PROVIDED RECORDS:
++++++++
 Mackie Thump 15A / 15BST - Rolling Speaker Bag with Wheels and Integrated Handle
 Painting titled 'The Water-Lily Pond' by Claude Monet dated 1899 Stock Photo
++++++++
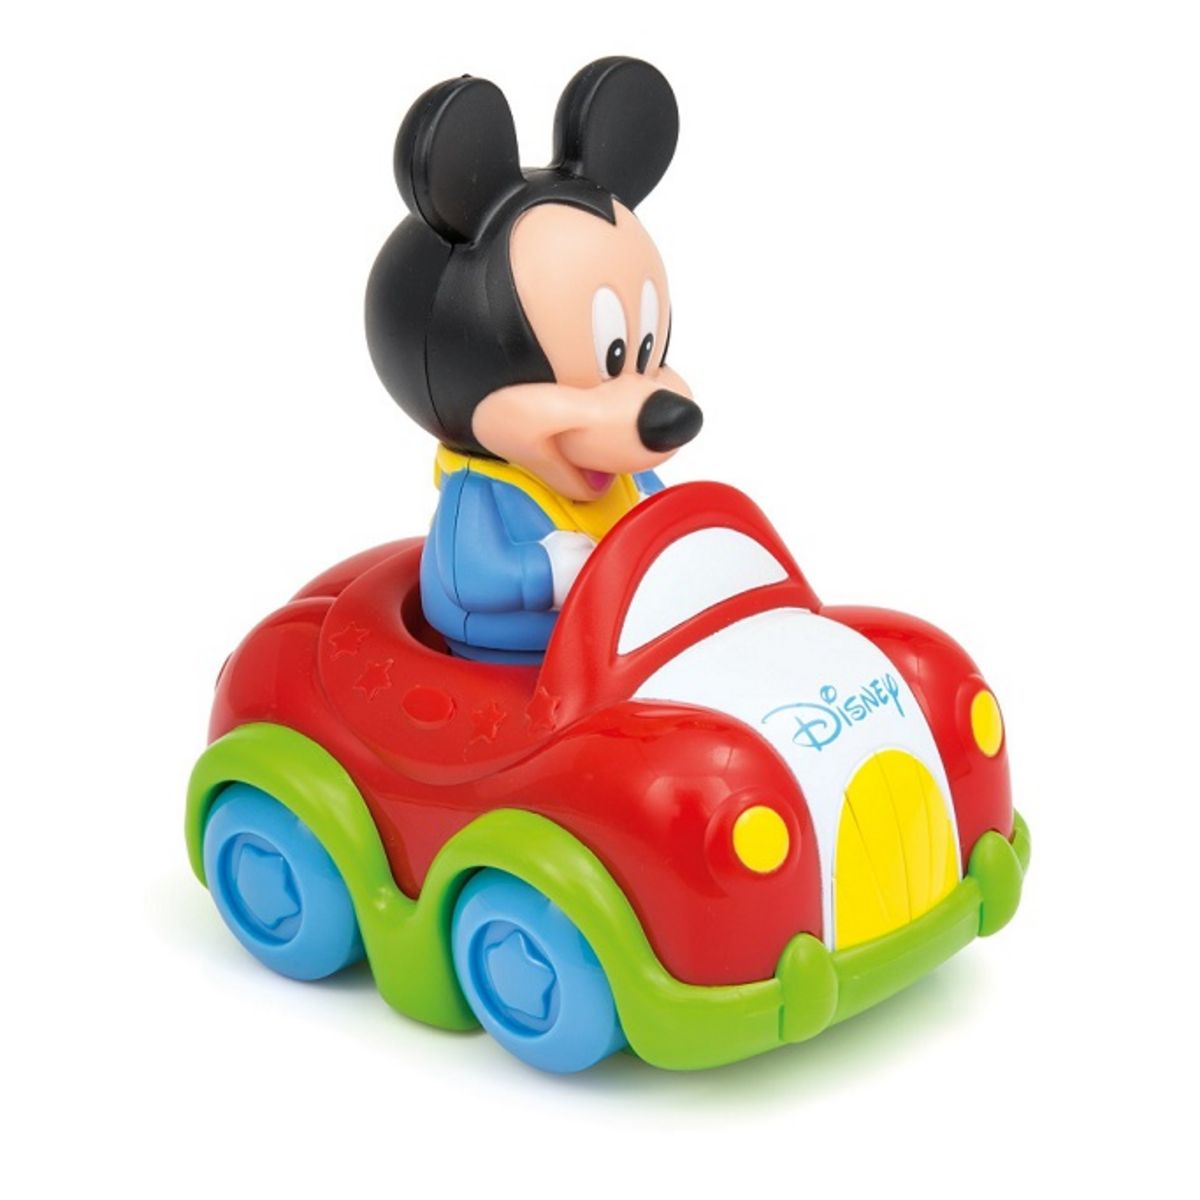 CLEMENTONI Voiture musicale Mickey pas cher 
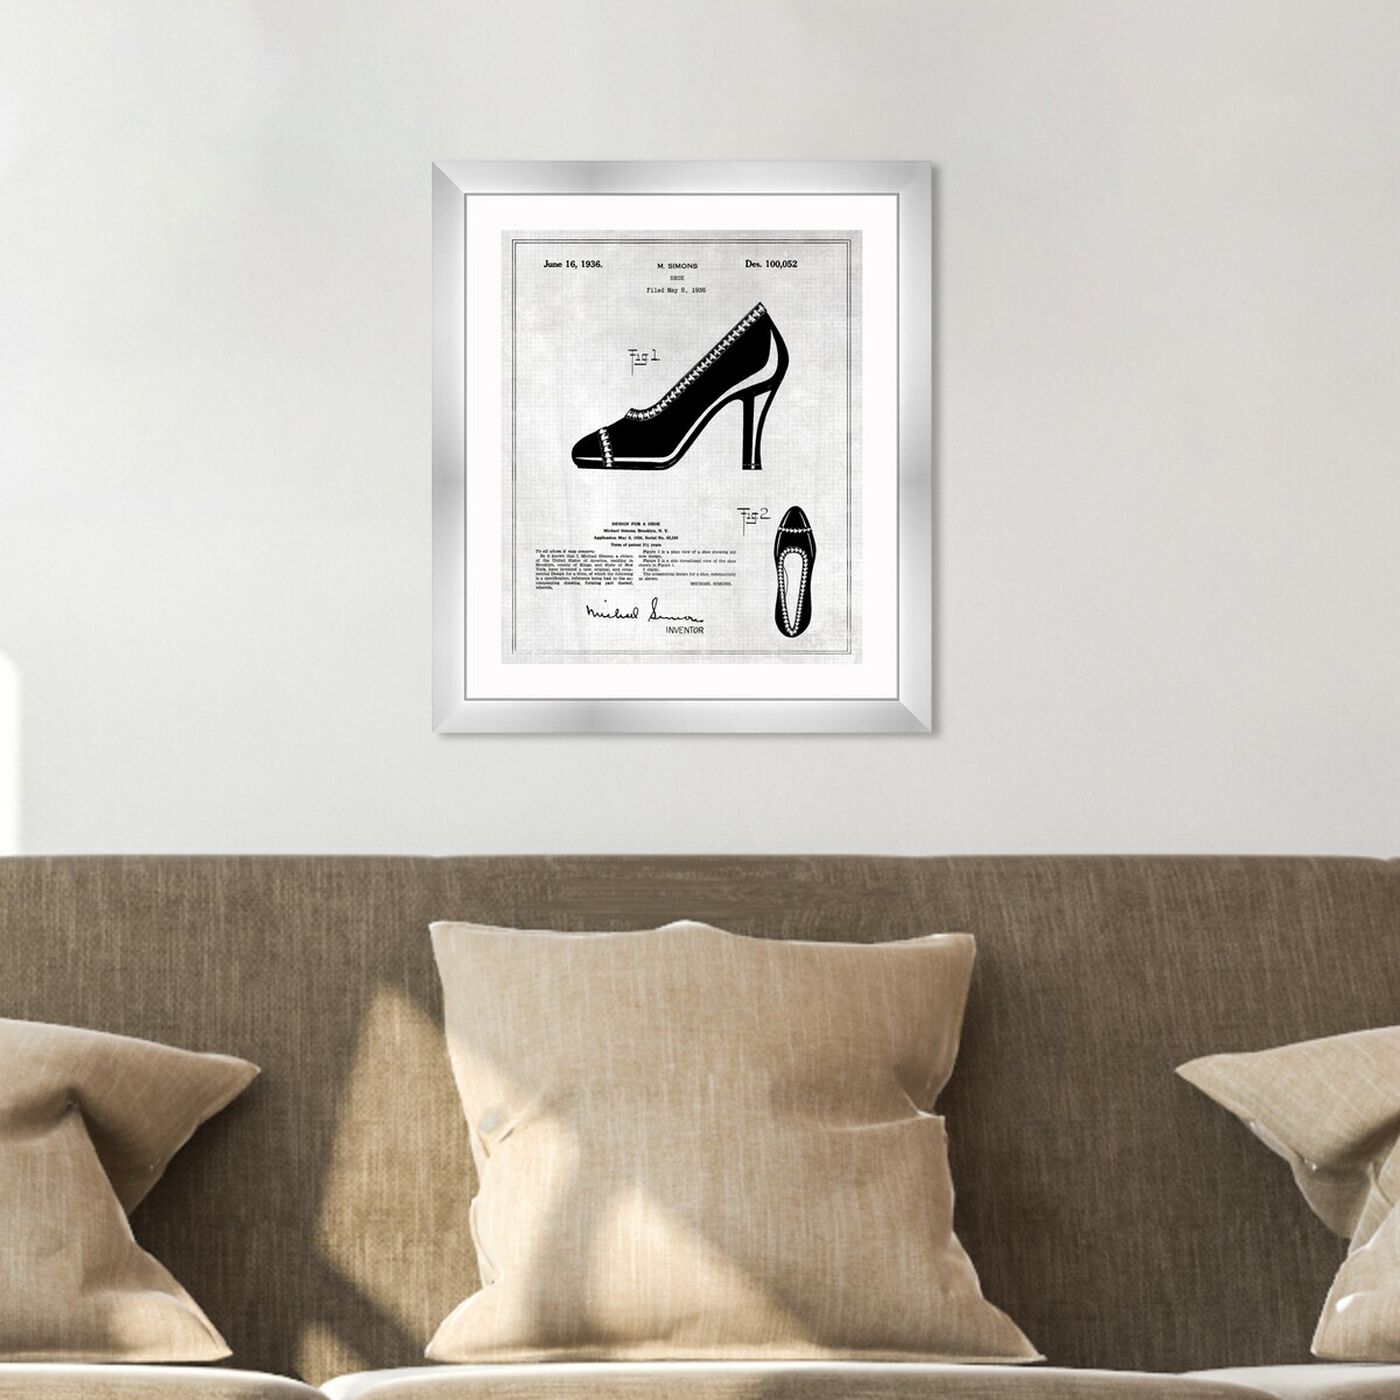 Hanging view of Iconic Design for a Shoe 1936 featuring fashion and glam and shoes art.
++++++++
YOUR OBJECTIVE:
Extract from the listing above the lines between the line containing "Mackie Thump 15A" and the line containing "Painting titled 'The", keeping both of those lines. Output nothing else.

SOLUTION FOR THIS EXERCISE:
 Mackie Thump 15A / 15BST - Rolling Speaker Bag with Wheels and Integrated Handle
 Painting titled 'The Water-Lily Pond' by Claude Monet dated 1899 Stock Photo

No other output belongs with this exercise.